I think it was my twin that said, you know,
Simon is the love of her life and she does everything by Simon's bidding.
And, you know, she, I guarantee you that she is with her right now.
And she says this on the news and it was put out on the news.
Simon had told me
she would rather die
than have her parents
know that she was gay
and I think she saw
that police report
the night before she died
she got up
the morning that it happened
and she was out of suboxin
so we needed to kick, we knew it
so she was going to go to the pharmacy
to get a prescription field
she made it to the
pharmacy, but police had already located her truck that was just a little ways away from
where we were staying. And they put a tracker on it. So when it moved, they knew she was on
the move. She woke up that morning and she was going to go to the pharmacy. I'm like,
oh, I'll come with you. She's like, no, no, stay here. Stay here. I'll be back. I'm like,
be careful. And she left. She drove to the C.C.
can park in the parking lot even at the store.

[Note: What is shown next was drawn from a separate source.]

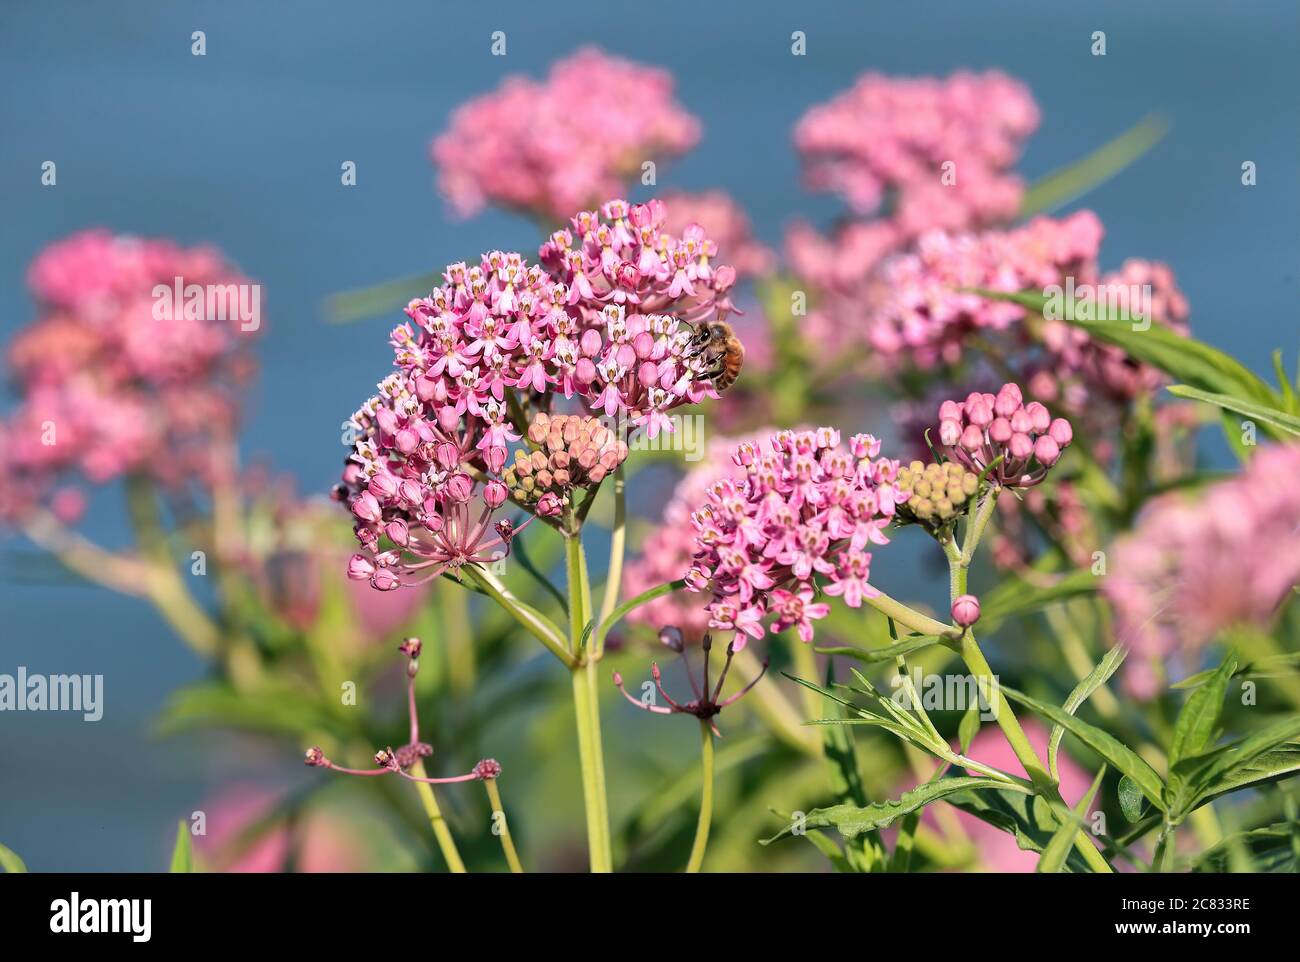 Une plante de l'herbe à poux du marais avec plusieurs grappes de fleurs trouvées par un lac avec une abeille pollinisante. Banque D'Images

She parked a little ways away, went to
the store, got this a box
in, and when she was coming back to her
car, she gets into
her car and then immediately is surrounded by police
or truck.
They get out and they surround the vehicle.
And
you know, what I know of what happened
that day is only like
what I saw in the police reports and what I've seen
in news reports since I got out because I didn't
see any of that until
I was released.
But in the police report, it said that an officer standing behind her vehicle
shot her because she said he looked, she turned and looked me dead in the eye and
put it in reverse and floored it.
And so for all those years, I was in prison, I was like, that sounds like something
she would do.
I'm not surprised that's something she would do.
and it was when I was looking it up after I got out
and I saw a picture of the scene
and she had cars close on both sides of her.
There's no way she was going to floor it and reverse it into anybody.
They executed her,
but she didn't immediately give up.
And that was within a half an hour of her leaving that morning.